- _Provided entries_:
—————

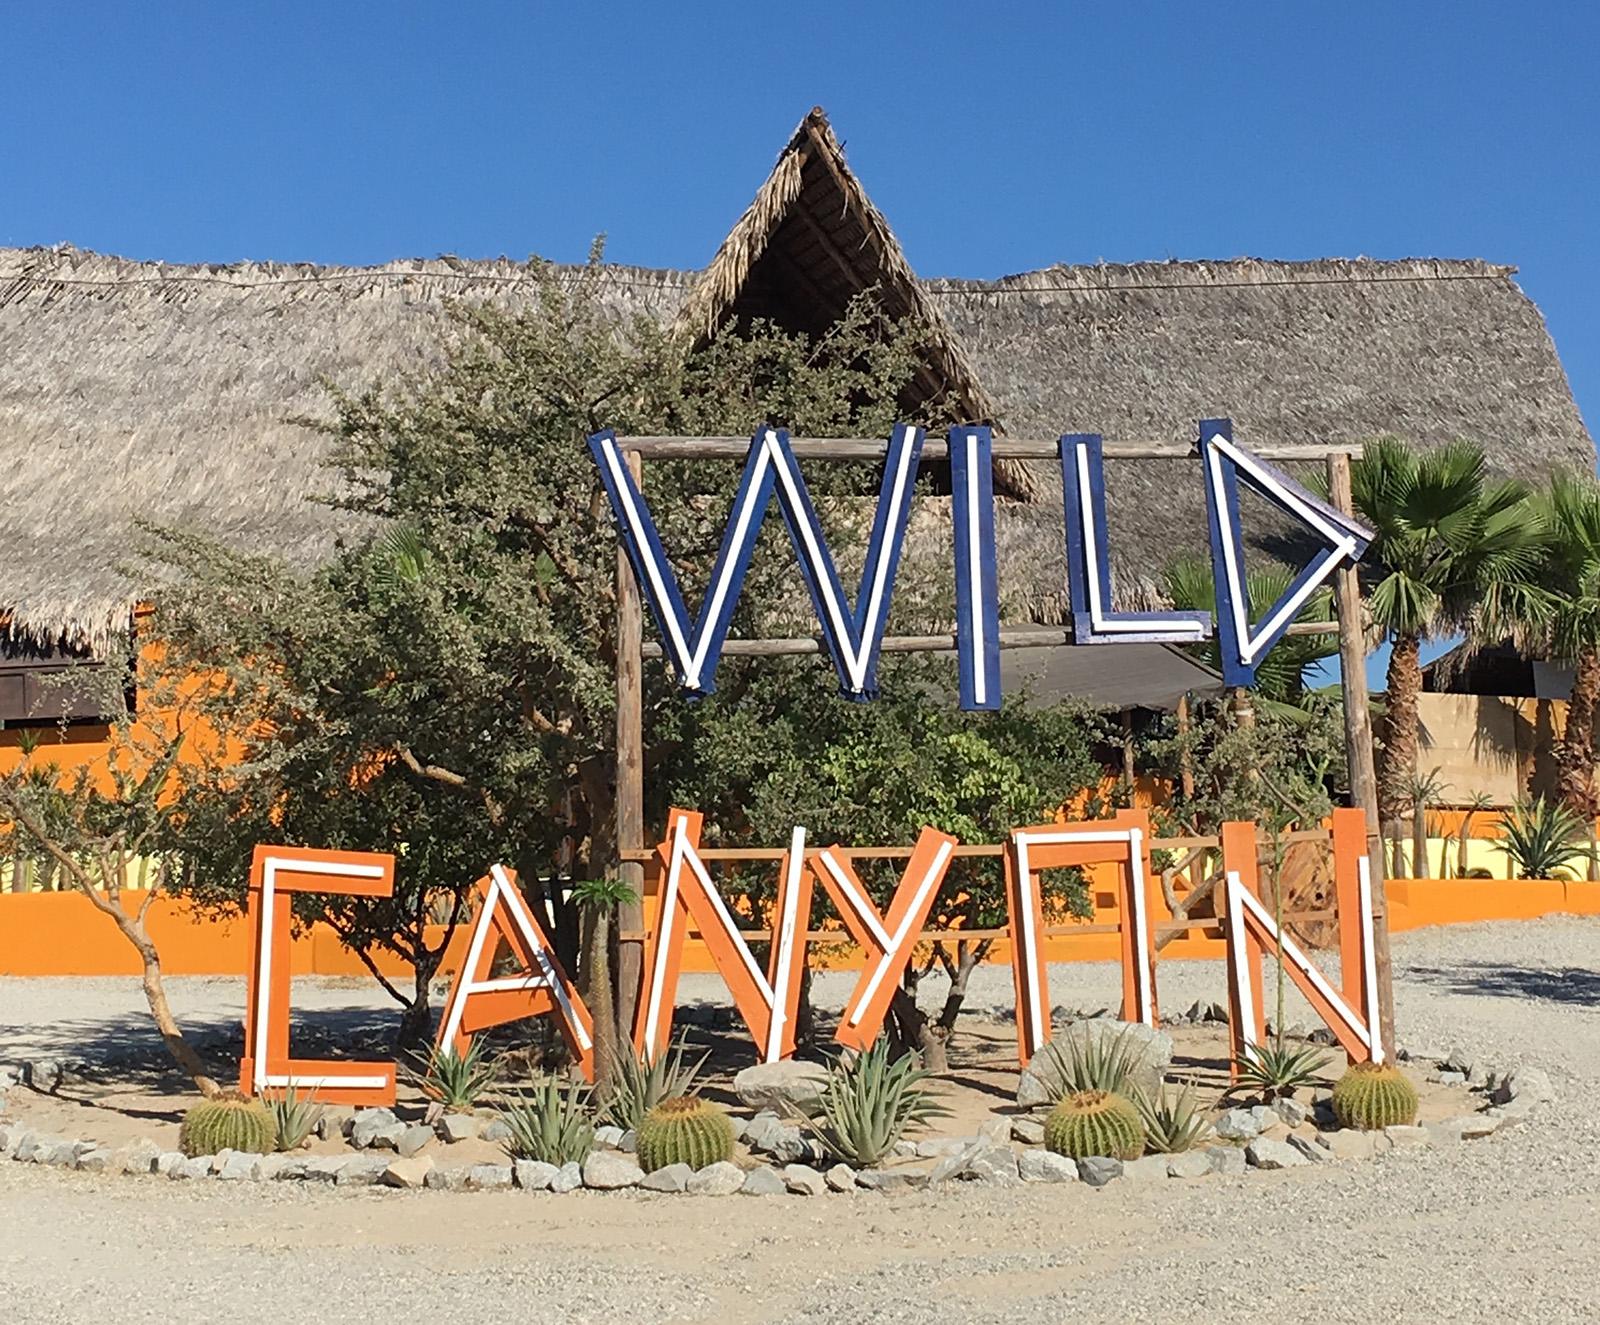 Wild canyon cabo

—————

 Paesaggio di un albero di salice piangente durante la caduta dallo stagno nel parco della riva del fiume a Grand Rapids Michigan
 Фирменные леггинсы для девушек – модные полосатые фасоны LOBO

—————

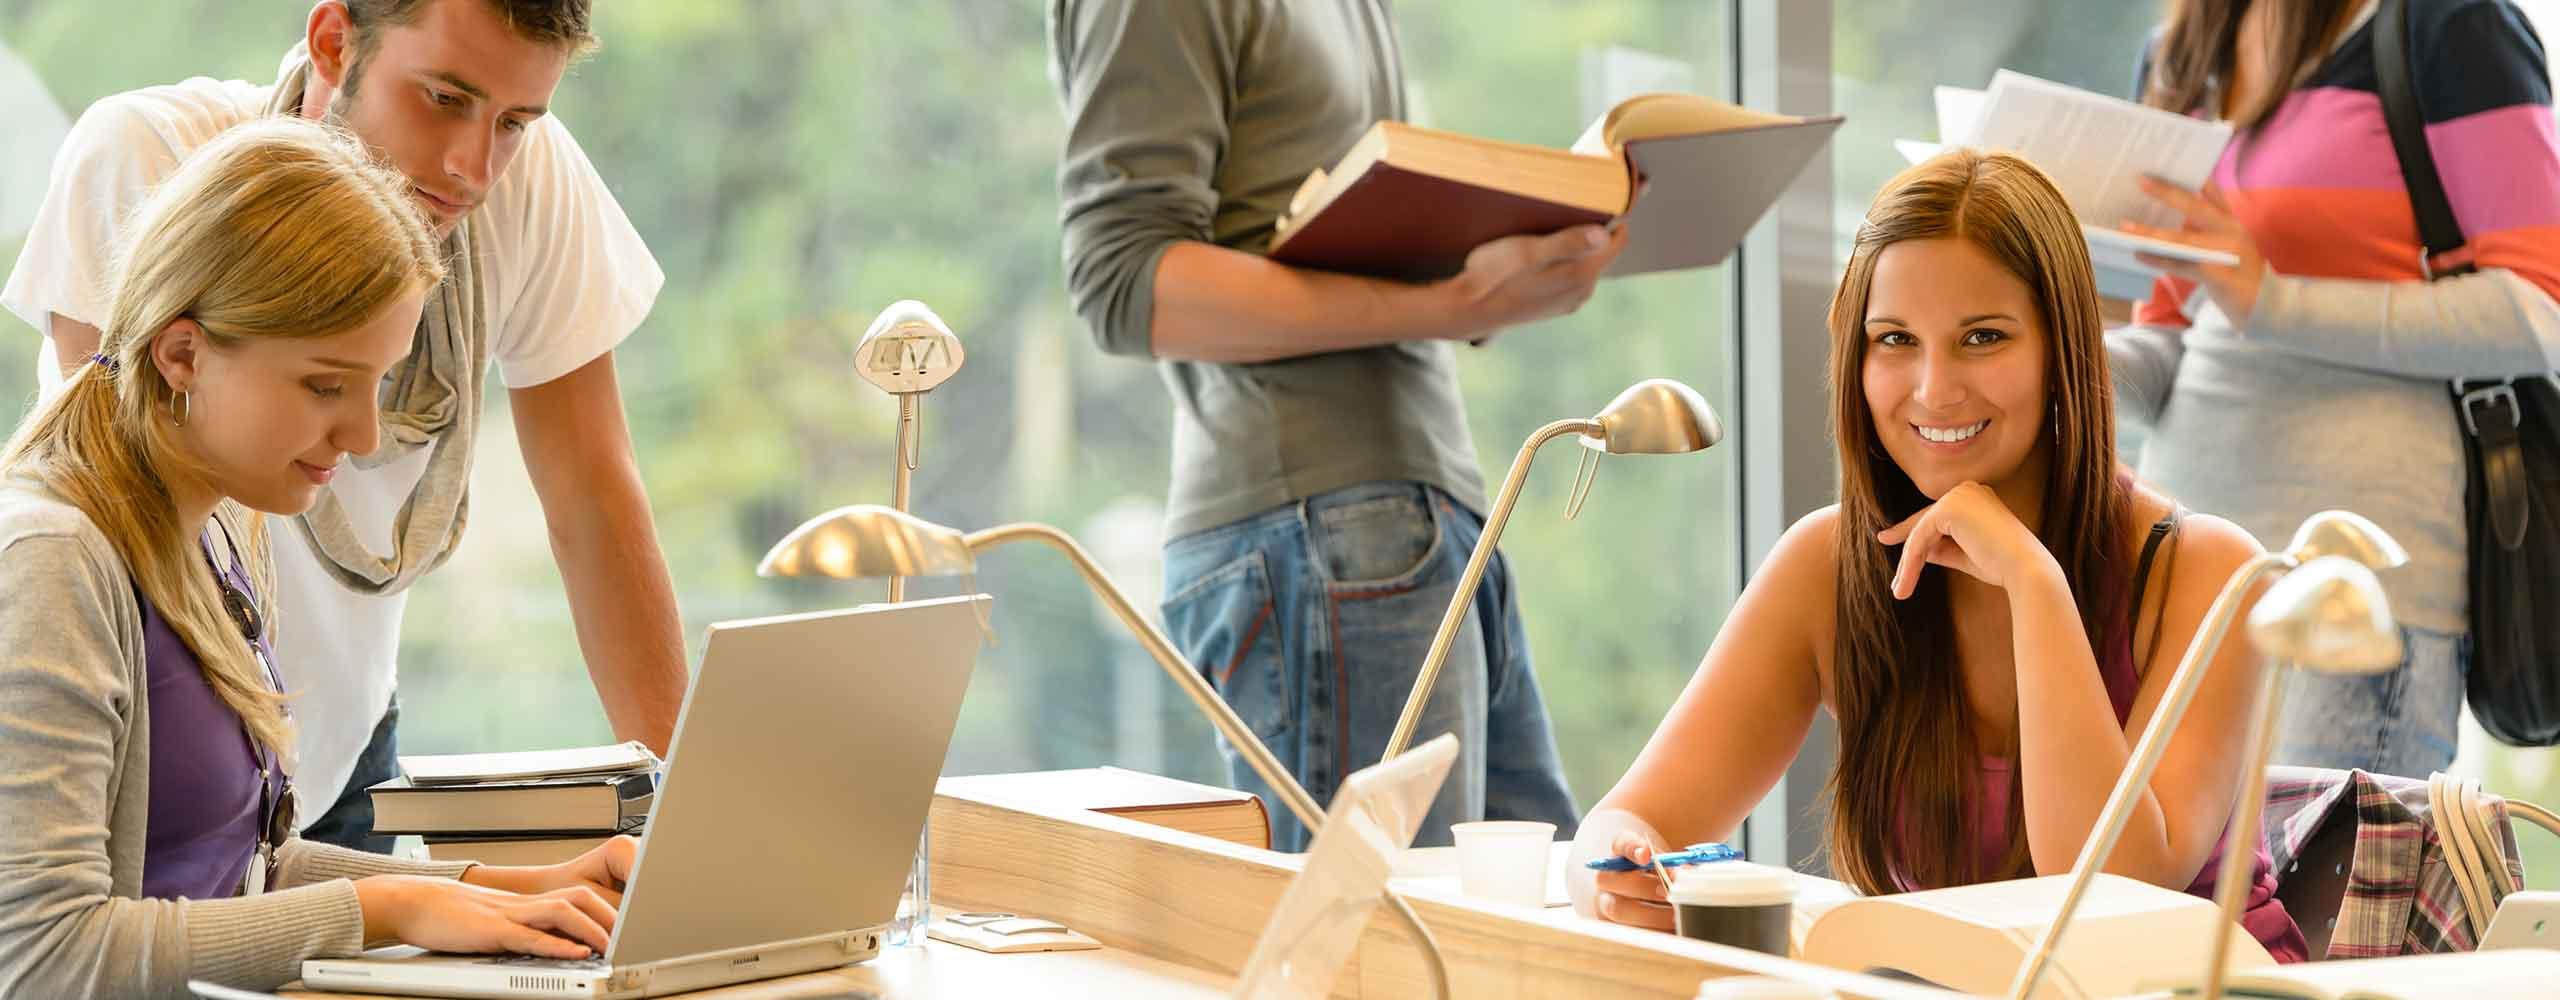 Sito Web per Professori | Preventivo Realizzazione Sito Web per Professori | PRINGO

—————

Repeat, character for character, the lines of the material above from the line with "Paesaggio di un" through the line with "Фирменные леггинсы для".

 Paesaggio di un albero di salice piangente durante la caduta dallo stagno nel parco della riva del fiume a Grand Rapids Michigan
 Фирменные леггинсы для девушек – модные полосатые фасоны LOBO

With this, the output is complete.